Given the nature of the play, director William Carden draws fine performances from the two actresses though his sense of pace and timing may strike some as too slick. He makes little use of the front quarter of the Tom Paterson stage, so that I would recommend sitting in the side seats rather than in the centre section unless you don't mind being rather far from the action.

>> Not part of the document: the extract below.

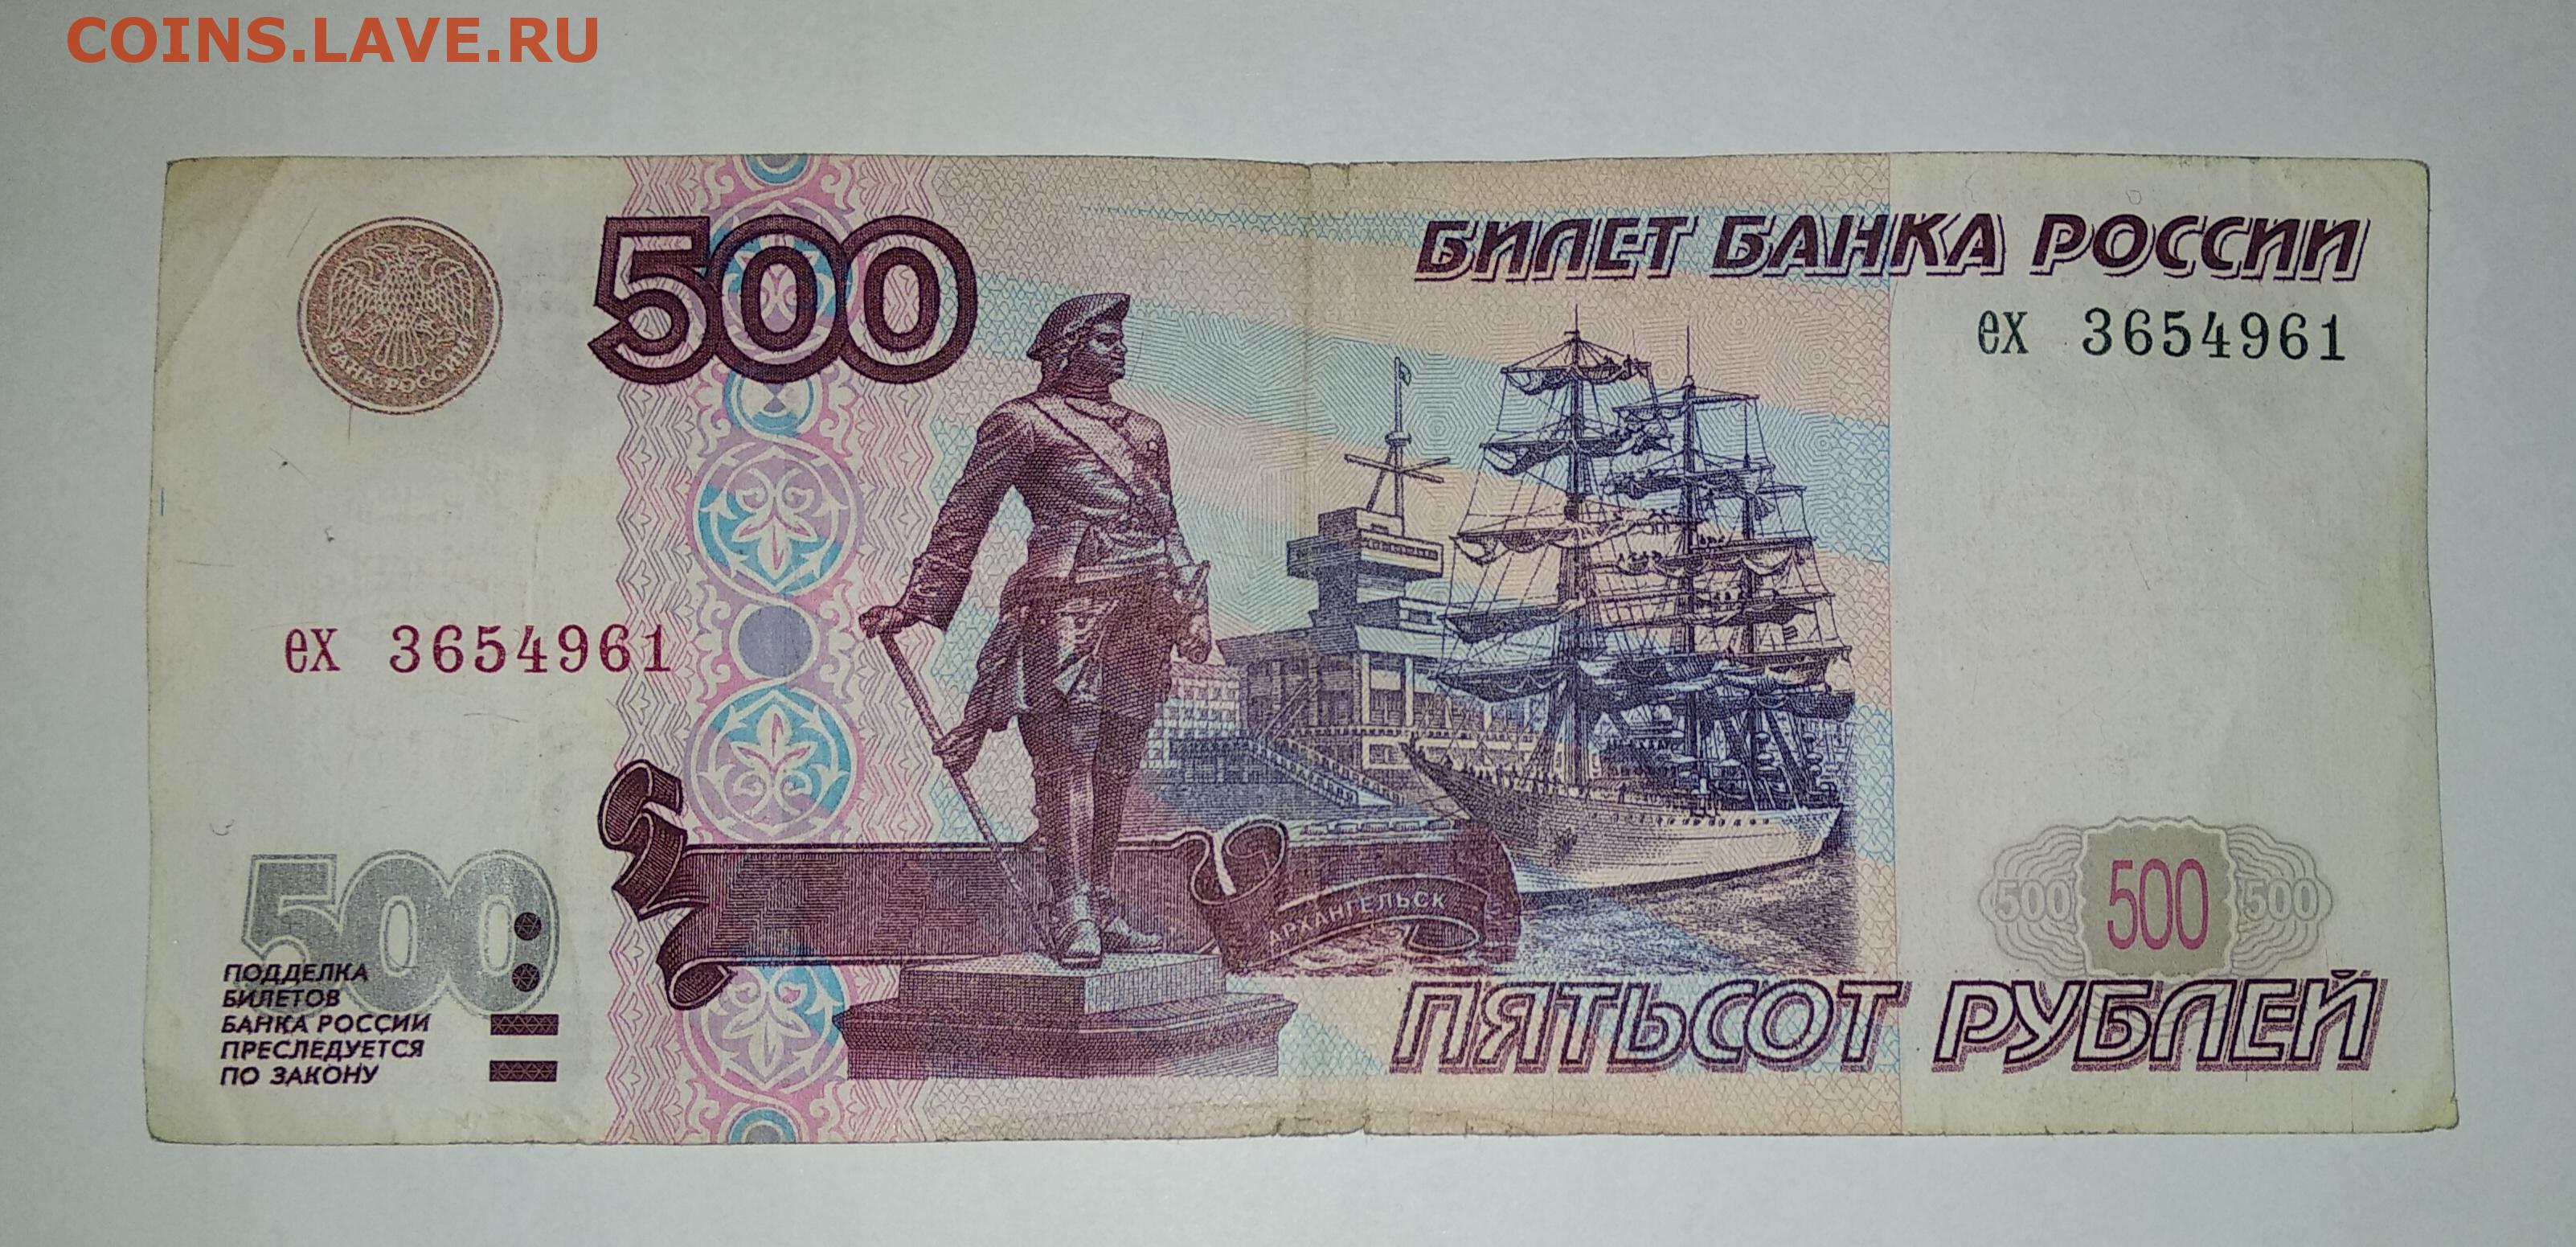 Пособия 500 рублей. Купюра 500 рублей. 500 Рублей 1997. 500 Рублей 1997г. Купюра 500 рублей с корабликом.

If your goal in seeing Collected Stories is to see an intellectually stimulating recent American play, you will be disappointed. If, however, your main goal is to see Uta Hagen on stage while she is still fit enough for a full-length role, then do so by all means. Seeing her have such command now even with an unprojected voice will make you wish you could have seen her in her famous roles of the 1960s and '70s.
©2000 Christopher Hoile
If I didn't know from the programme, I would have thought that Elizabeth Rex, the new play by Timothy Findley written in collaboration with Paul Thompson, was actually a revival of some imitation Peter Shaffer play of 20 or 30 years ago. As in Amadeus the play is in the form of an old artist remembering an incident from the past, Salieri in Shaffer, Shakespeare in Findley. As in The Royal Hunt of the Sun, the focus is a frank but improbable discussion between a person in authority and a person without power, Pizarro and the Inca Atahualpa in Shaffer, Elizabeth I and an actor in Findley. In both cases the person in authority learns something important about life from the other. Both Shaffer and Findley write about the roles we inherit and roles we wish we could play. Both aim their works at a middle-brow audience by double-underlining any symbolism or allusions to make sure we get them. I felt not only that I was not seeing a new work but one that was already dated, since so much of the territory of the play had already been covered by others.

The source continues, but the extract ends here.